→ **Task inputs**

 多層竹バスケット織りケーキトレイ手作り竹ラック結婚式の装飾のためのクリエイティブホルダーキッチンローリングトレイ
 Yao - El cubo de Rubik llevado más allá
---
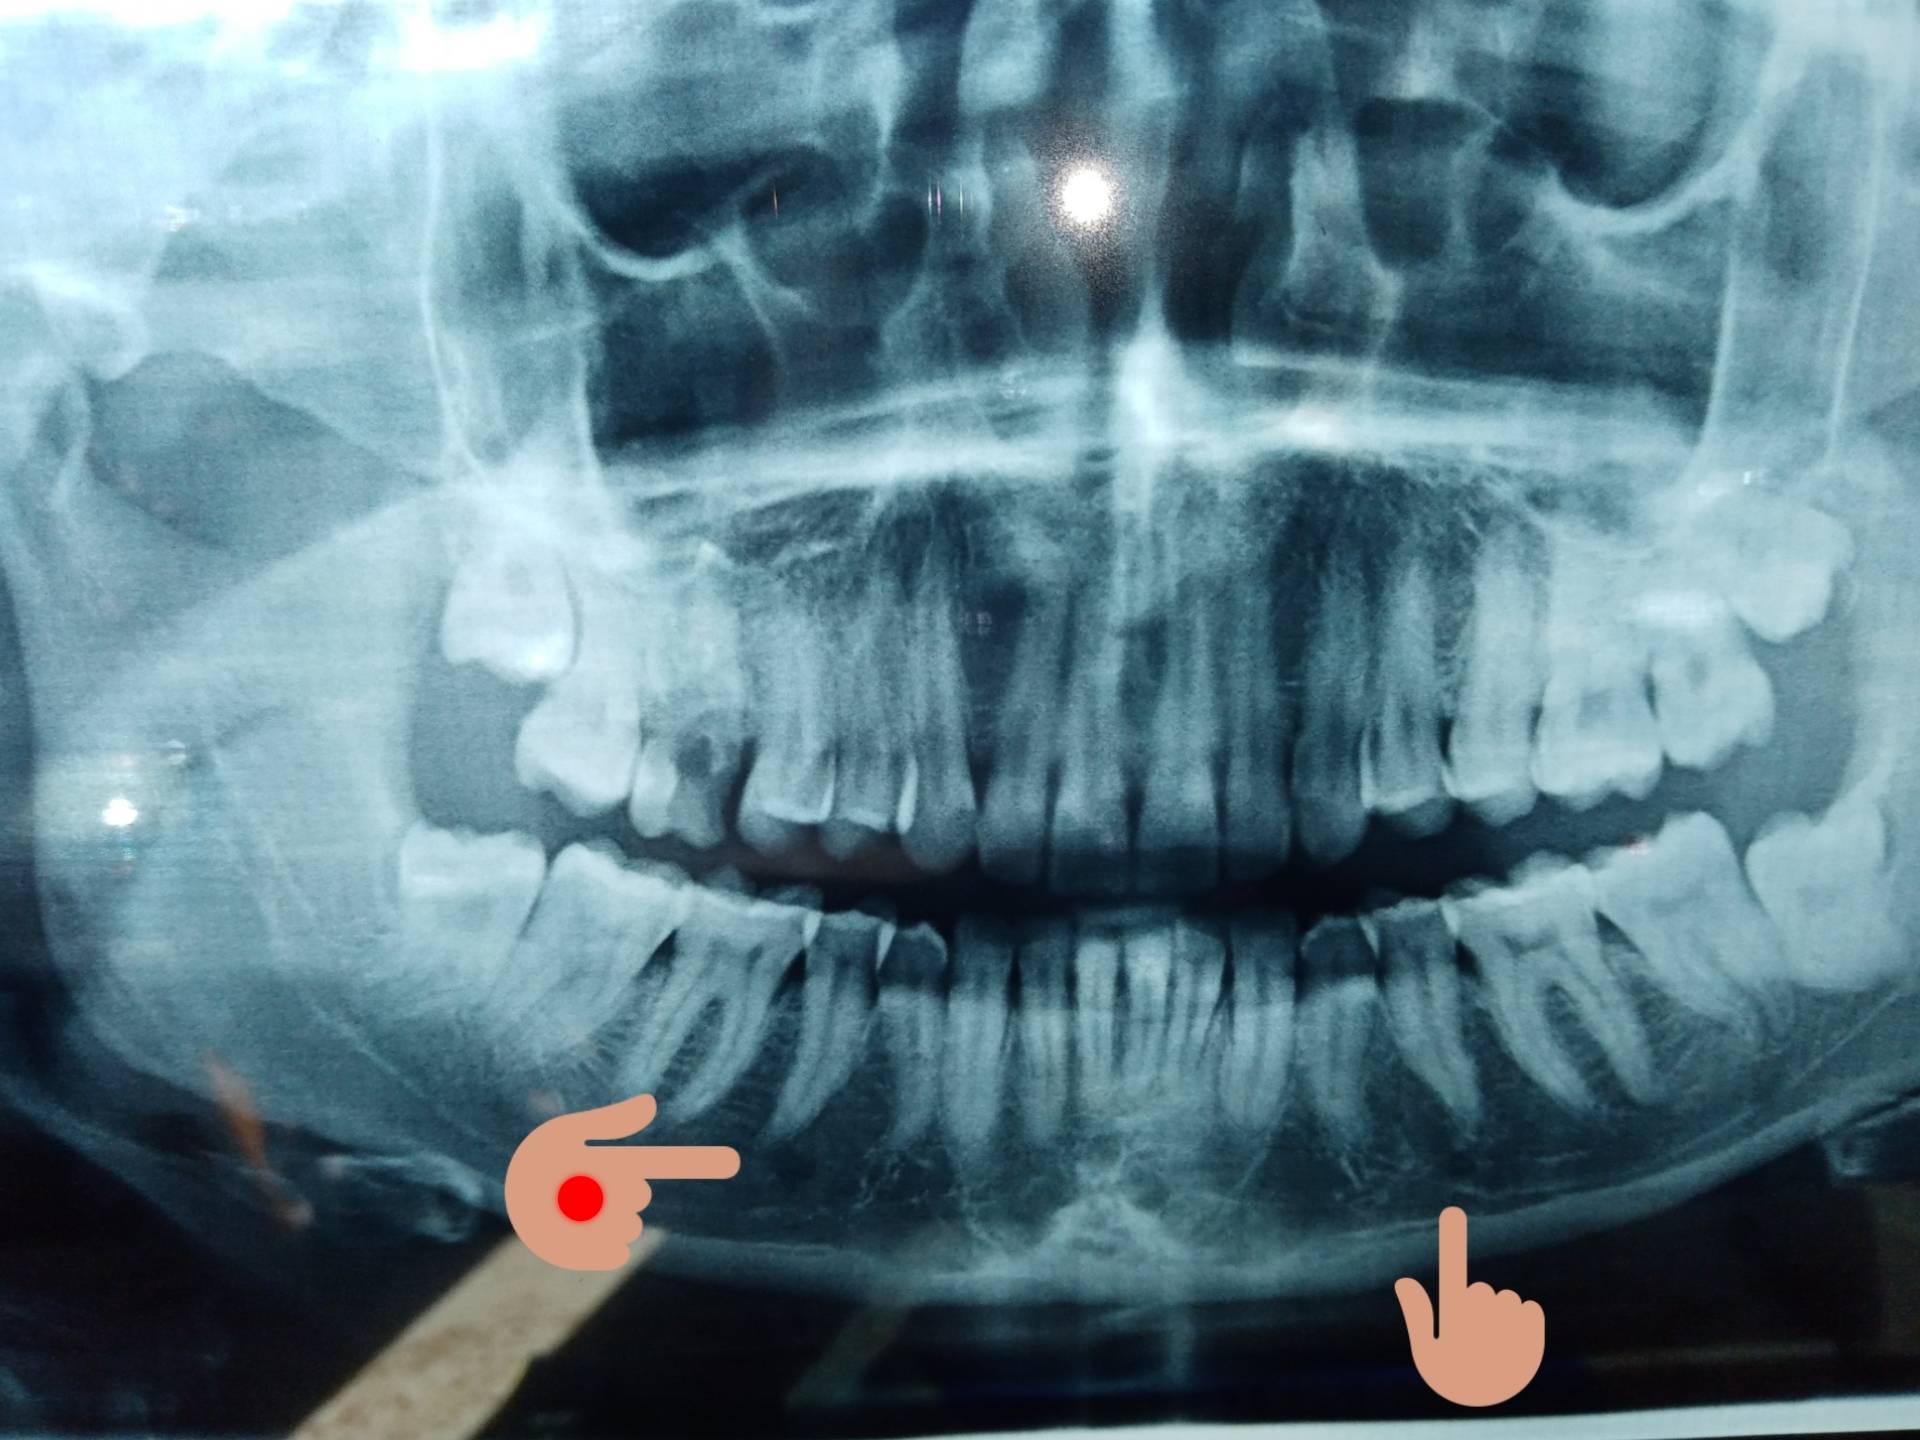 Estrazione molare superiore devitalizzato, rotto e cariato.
--
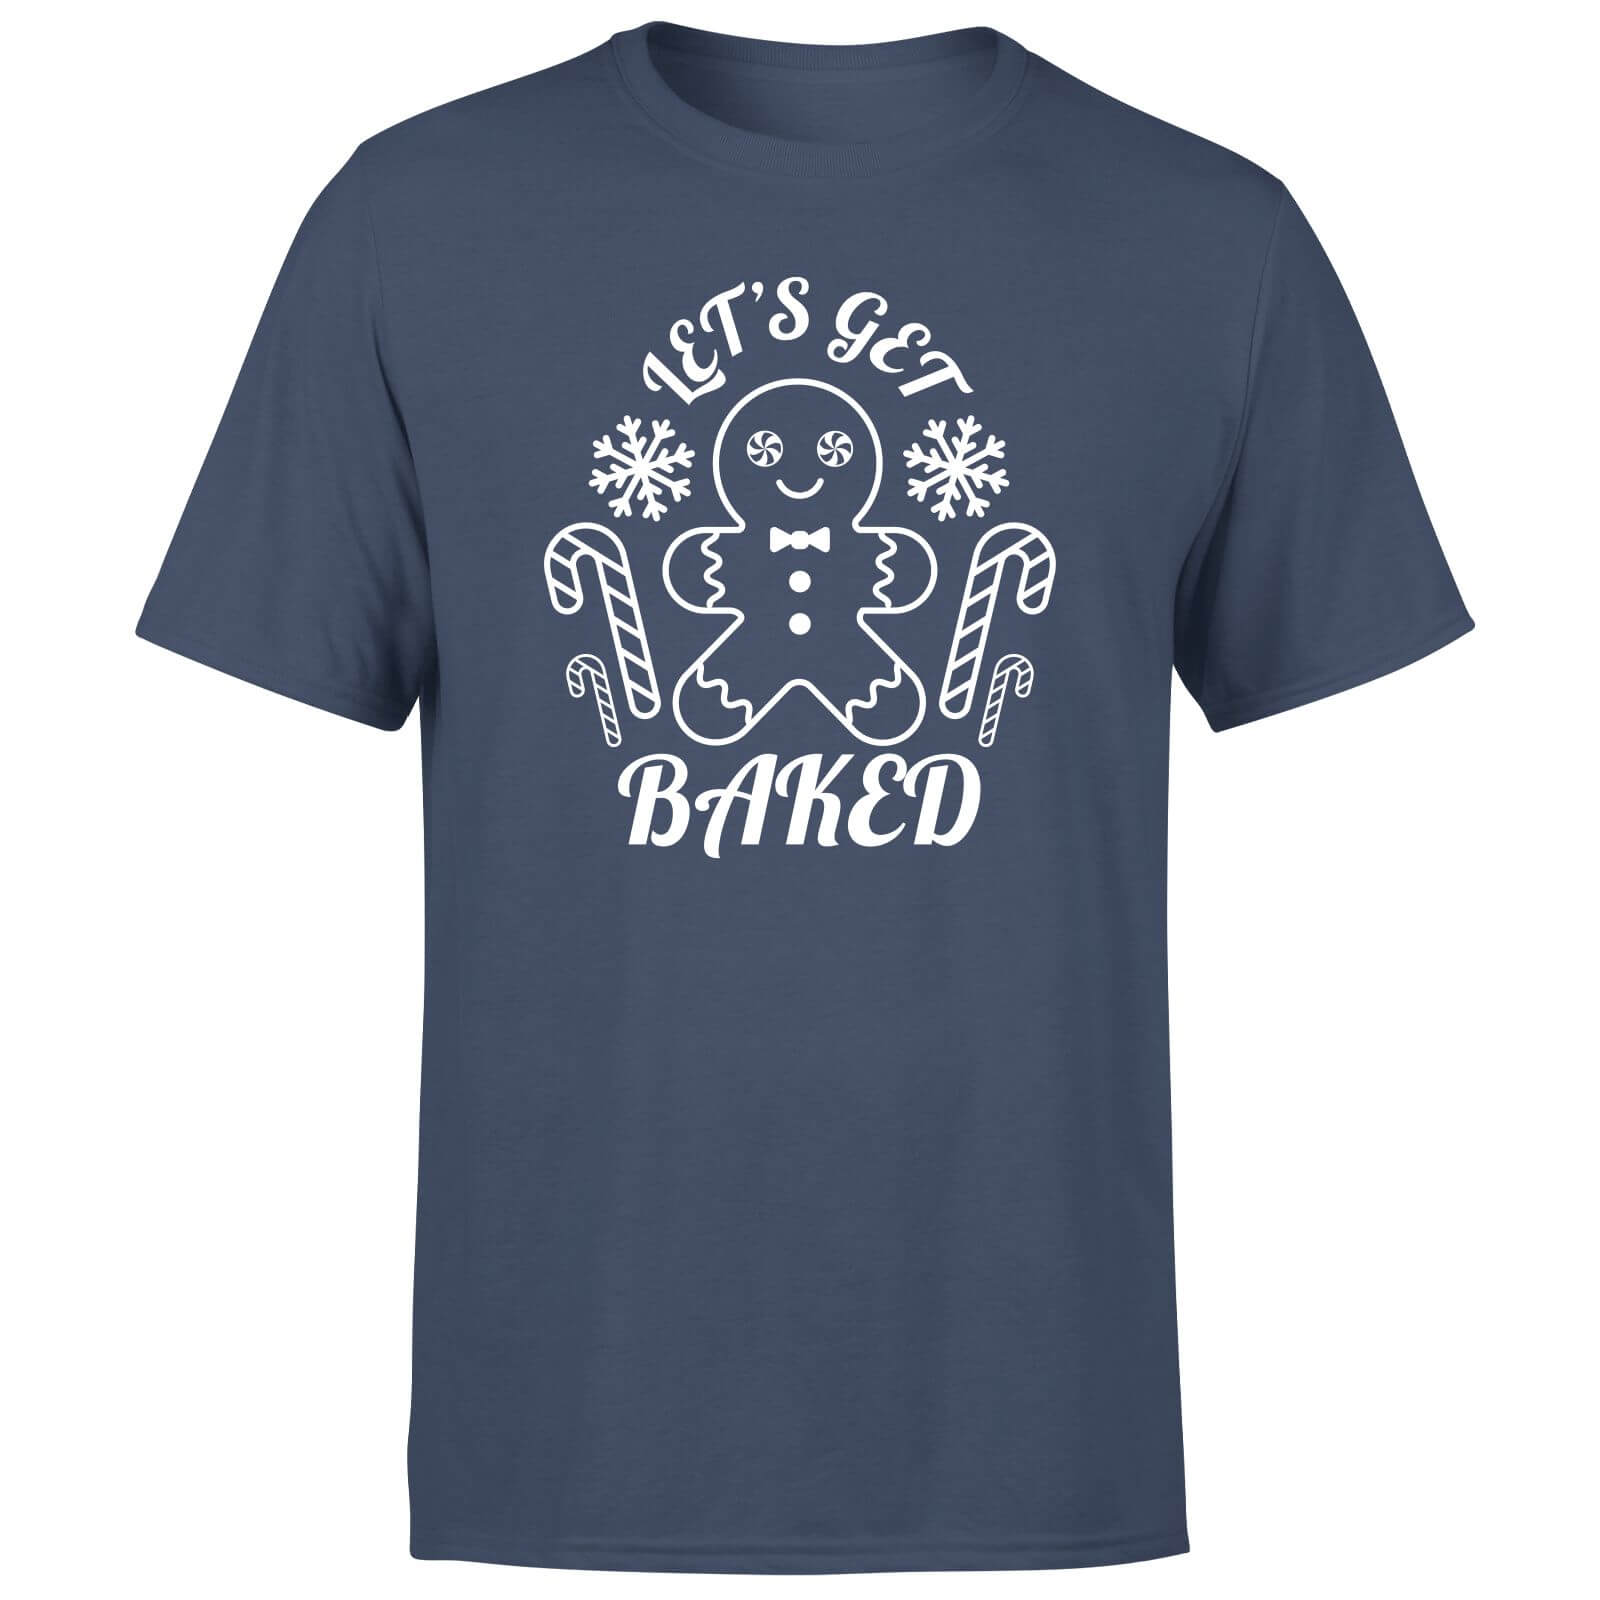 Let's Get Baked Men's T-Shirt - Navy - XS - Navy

→ **Work order**
The required output is every line above from the one with "多層竹バスケット織りケーキト" down to the one with "Yao - El cubo de Rubik llevado más allá", restated word for word, ends included.

→ **Reply to the exercise**
 多層竹バスケット織りケーキトレイ手作り竹ラック結婚式の装飾のためのクリエイティブホルダーキッチンローリングトレイ
 Yao - El cubo de Rubik llevado más allá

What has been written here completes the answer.